Personal information
- Full name: Heikki Aleksi Riipinen
- Born: 28 May 1883 Laukaa, Grand Duchy of Finland, Russian Empire
- Died: 13 February 1957 (aged 73) Leppävaara, Finland
- Spouse: Hilja Riipinen

Gymnastics career
- Discipline: Men's artistic gymnastics
- Country represented: Finland
- Club: Ylioppilasvoimistelijat
- Medal record
Men's artistic gymnastics
Representing Finland
Olympic Games
| Bronze medal – third place | 1908 London | Team |

= Ale Riipinen =

Finnish artistic gymnast

Heikki Aleksi "Ale" Riipinen (28 May 1883 – 13 February 1957) was a Finnish gymnast who won bronze in the 1908 Summer Olympics.

==Gymnastics==

Ale Riipinen at the Olympic Games
| Games | Event | Rank | Notes |
|---|---|---|---|
| 1908 Summer Olympics | Men's team | 3rd | Source: |

He won the Finnish national championship in team gymnastics as a member of Ylioppilasvoimistelijat in 1909.

==Career==
He completed his matriculation exam at the Jyväskylä Classical Lyceum in 1903 and graduated as a physical education teacher in 1908.

He worked as a school teacher in Lapua from 1908–1927, becoming also a rector. Then, he worked as a lecturer in Jyväskylä from 1927 to 1948. Finally, he returned to Lapua to teach until 1951.

He also wrote on physical education and other subjects in Suomen Urheilulehti and other papers.

He was the chairman of the state taxation board in Lapua in 1923–1927.

==Military==
He served in the White Guard as a platoon leader and a company commander during the Finnish Civil War. He was a garrison commandant in the Finnish Defence Forces
and a chief of office of a White Guard district during the Second World War.
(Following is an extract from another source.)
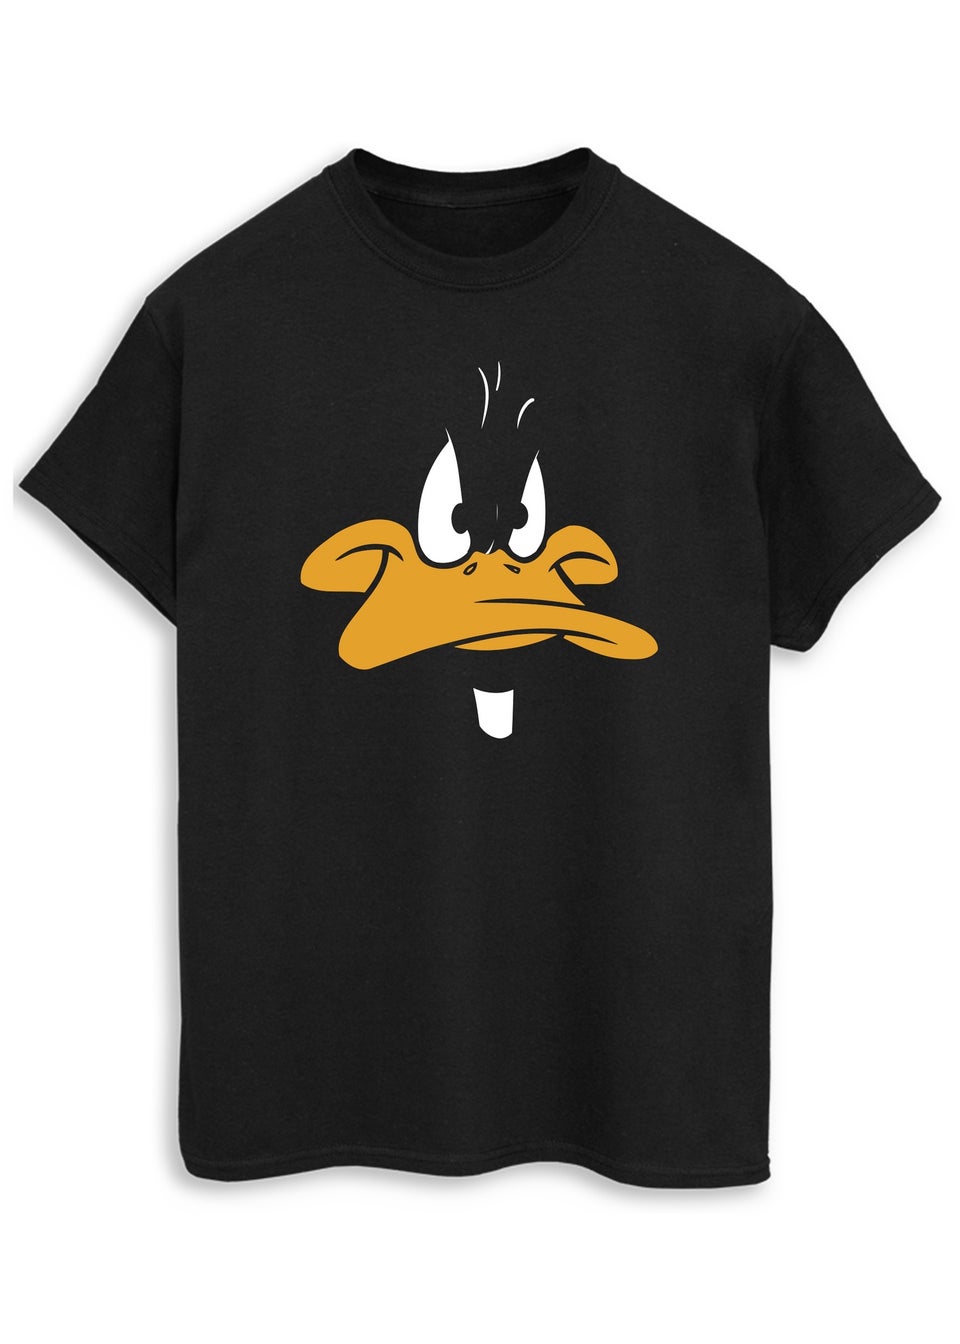 Looney Tunes Daffy Duck Big Face Black Printed T-Shirt

He reached the rank of lieutenant.

==Politics==
He played a small part in initiating the namesake action of the Lapua Movement, although it is unknown if he actually participated in it.

==Accolades==
He received the following honorary awards:
- Cross of Liberty, 4th Class
- The cross of merit of the Civil Guards
- Medals of the Finnish Civil War:
  - The commemorative medal of the capture of Tampere
  - The Vilppula cross
- Decorations of the heimosodat:
  - The commemorative medal of Carelia
He is also an honorary member of several clubs and associations.

==Family==
His parents were farmer Mikko Riipinen and Iida Manninen.

He married Hilja Miklin-Metsäpolku in 1911. They had two children:
1. Heljä Kaarina, born 1912, died 1926
2. Anna Pirkko Sätene, born 1920, died 1964

He died from a heart attack in Espoo while visiting his daughter.